Posisi Intelektual Hukum dalam Polemik Perppu Cipta Kerja
Kolom

Posisi Intelektual Hukum dalam Polemik Perppu Cipta Kerja

Perppu ini menjadi bukti betapa pertarungan pandangan antar-intelektual hukum itu nyata.

Bacaan 6 Menit

Dua bilahan itu menampilkan raut kontroversial pilihan sikap para intelektual hukum dalam merefleksi dan memproyeksikan disiplin ilmunya di ranah persoalan aktual. Pada saat bersamaan, bilahan itu menggambarkan kompleksitas dan sifat saling mengunci (interlocking) di antara kekuasaan, intelektual, dan ilmu pengetahuan. Sebuah kompleksitas yang tak gampang diurai.

Dalam dunia intelektual, perbedaan bukan hal aneh. Tidak terkecuali dalam ilmu hukum. Beda mazhab hukum, apakah antar person intelektual, atau antar kampus, bisa memijarkan api abadi tegangan sepanjang masa. Di aras ontologi, saling mengolok antara pandangan penganut mazhab positivisme dengan penganut naturalisme. Pemikiran pendaku rasionalisme dan pendukung empirisme saling sikut di aras epistemologi. Sementara, pendapat pengikut formalisme dan pengikut realisme di aras etika, acapkali di-adubanteng begitu rupa.

Perbedaan semacam itu yang kiranya berkontribusi memproduksi respon dan pandangan berbeda para intelektual hukum terhadap Perppu Cipta Kerja. Padahal, misalnya ini, dalam filsafat pragmatisme Brian Z. Tamanaha (2018), tegangan antar mazhab dapat dicermati secara kritis, lalu dipindai untuk merumuskan formula baru yang dapat dipertanggungjawabkan secara konseptual dan bermanfaat secara praktis.

Pandangan atau tafsir terhadap hukum mirip-mirip dengan proses dan pilihan politik, yaitu sebagai the art of the possible. Selalu berkompromi. Ada negosiasi dan justifikasi. Bahkan mohon maaf, ada hipokrisi. Kalau mau jujur, segala sesuatu pastilah dilatari oleh kepentingan. Apa dan kemana titik kepentingan dituju, di situlah rute pandangan dapat diarahkan. Kepentingan apapun, apakah itu tujuan ideal, misalnya untuk menegakkan hukum dan keadilan bagi rakyat, atau sebaliknya, untuk kepentingan pragmatis lainnya, semua dapat dicarikan sandaran teoritis dan argumentasi hukum untuk menguatkan ‘kebenaran’ yang dikehendaki.

Namun perlu diingat, dalam kebenaran itu sendiri, berlaku perspektivisme. Artinya, kebenaran selamanya ditangkap dan diungkapkan dari perspektif tertentu. Seperti ditulis Goenawan Mohammad (2020), “tiap ‘kebenaran’ yang aku utarakan berkaitan dengan posisi tubuhku, suasana tempat, dan waktuku. Dengan kata lain, kebenaranku tak mutlak, hingga semua orang tak niscaya, tak harus, mengikutinya”.

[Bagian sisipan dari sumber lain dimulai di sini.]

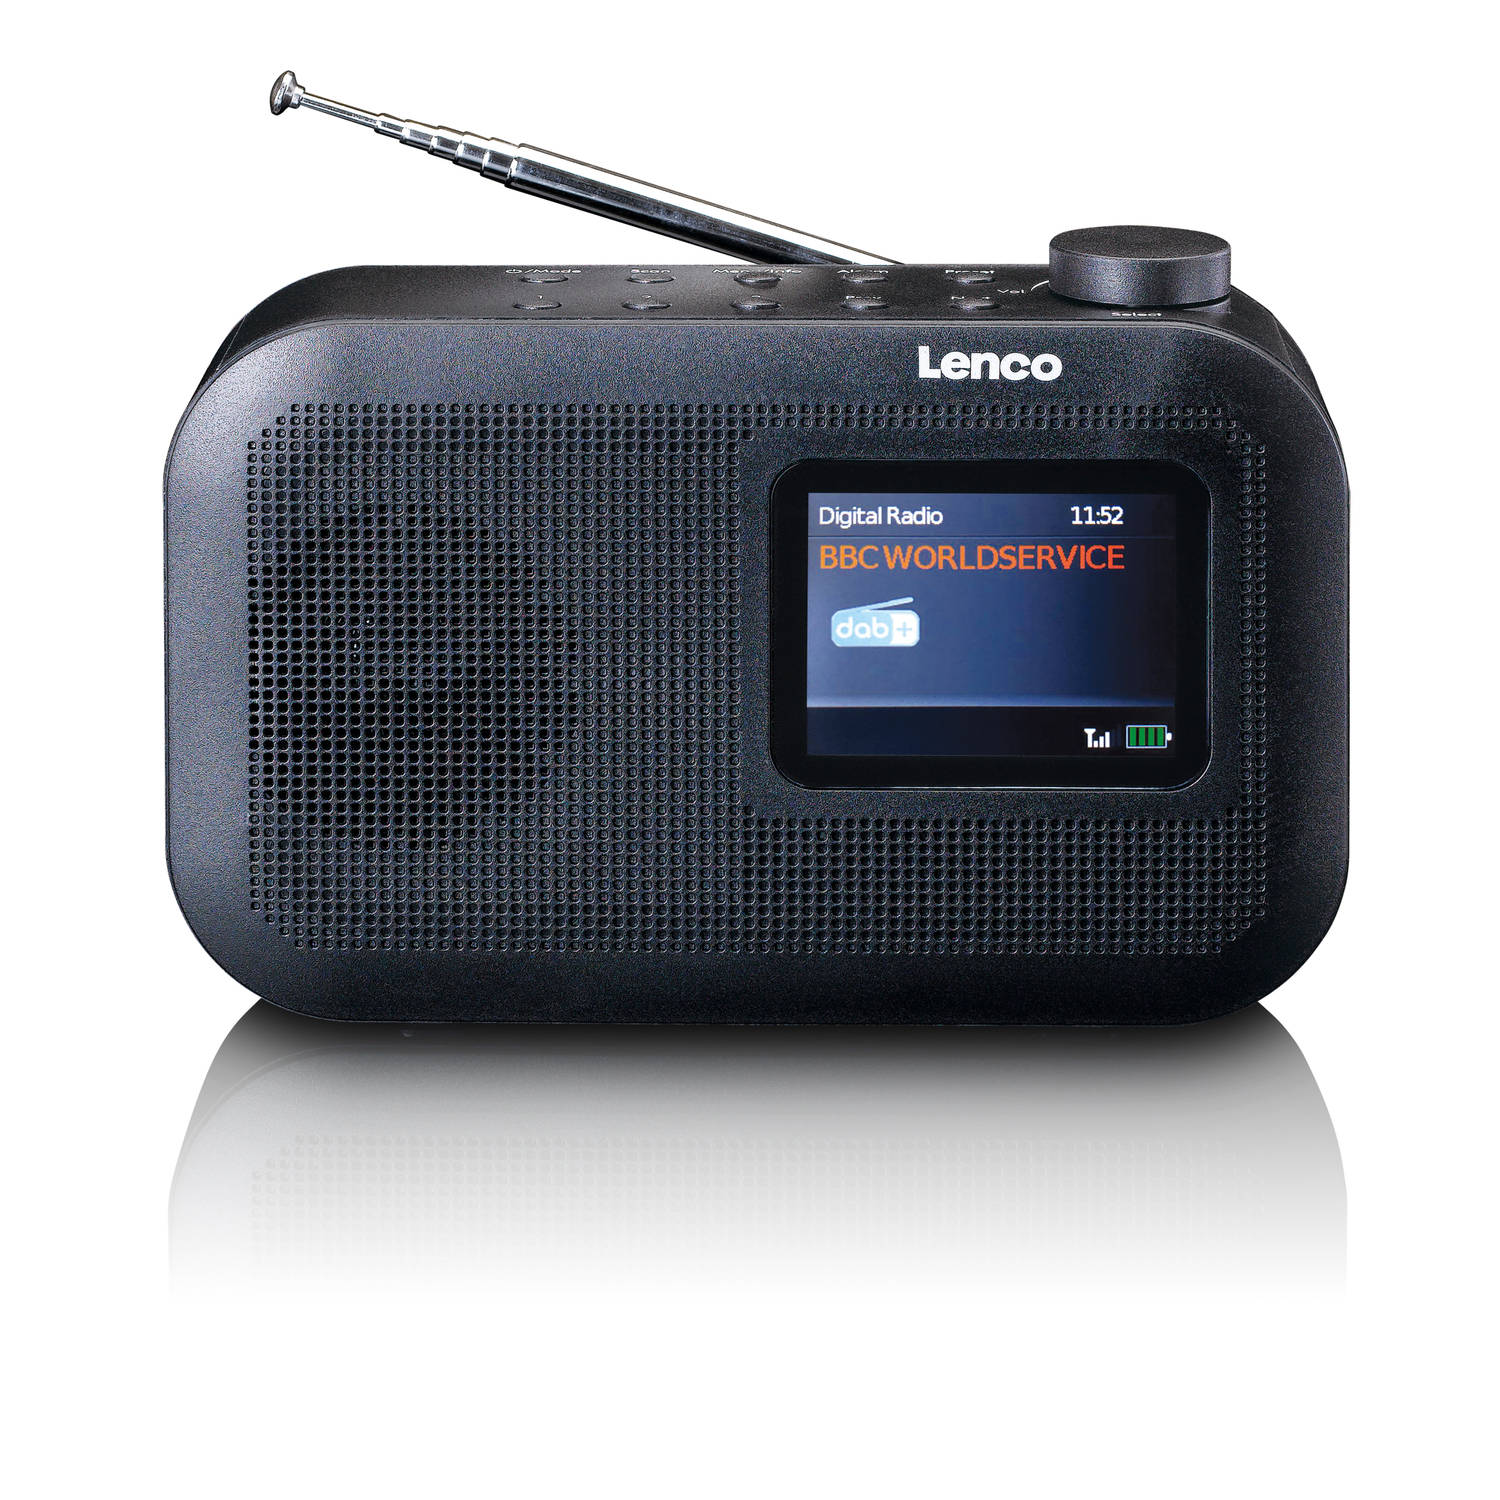 Lenco Digitale radio (dab+) PDR-026BK DAB+ Taschenradio
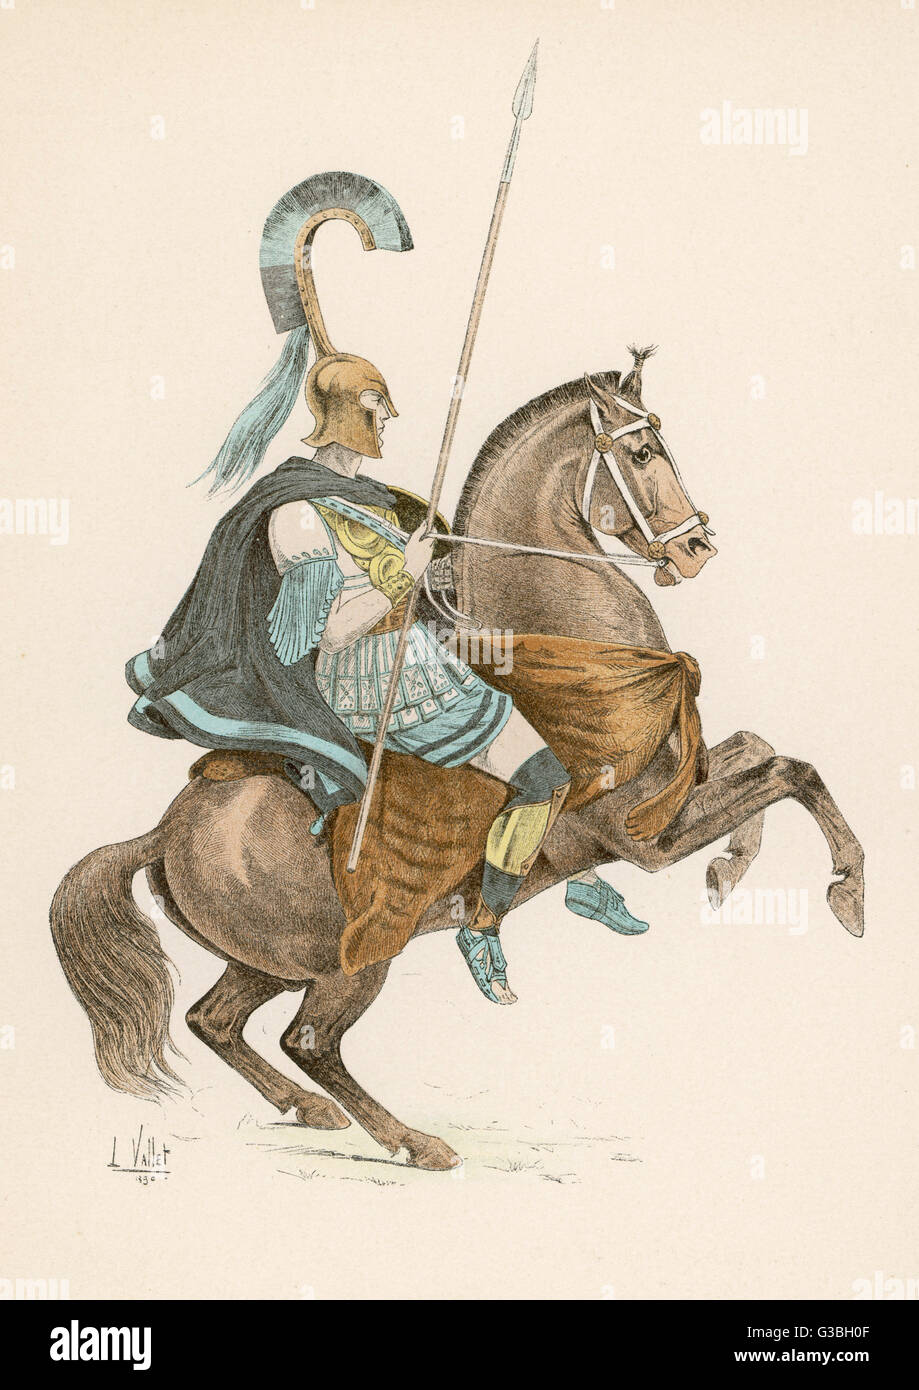 Un cavallo-guerriero della Grecia antica, utilizzando un animale-pelle come sella, e senza staffe. Data: circa 350 A.C. Foto Stock

Refleksi Posisi Intelektual

Perppu ini evidence betapa pertarungan pandangan antar-intelektual hukum itu nyata. Tak masalah andaikan pertarungan itu berbasis makna definitif intelektual, yaitu akademisi yang punya kemampuan berpikir bebas, memiliki kearifan bertindak, serta aktif dalam proses produksi ilmu pengetahuan dan pemecahan masalah-masalah kemanusiaan. Tetapi nampaknya itu belum atau tak terlihat sepenuhnya demikian. Dalam rabaan Penulis, beda pandangan ini sangat mungkin berhubungan erat dengan posisi intelektual dan ilmu pengetahuan berkaitan dengan kekuasaan.

Pernah disinggung Cornelis Lay (2019) dalam pidato pengukuhan guru besarnya di UGM, menyangkut posisi intelektual dan ilmu pengetahuan berkaitan dengan kekuasaan, intelektual seolah-olah dihadapkan hanya pada dua pilihan jalan, jalan yang saling meniadakan. Pertama, mendekat dan menjadi bagian dari kekuasaan. Kedua, hal sebaliknya, menjauhi dan bahkan memusuhi kekuasaan.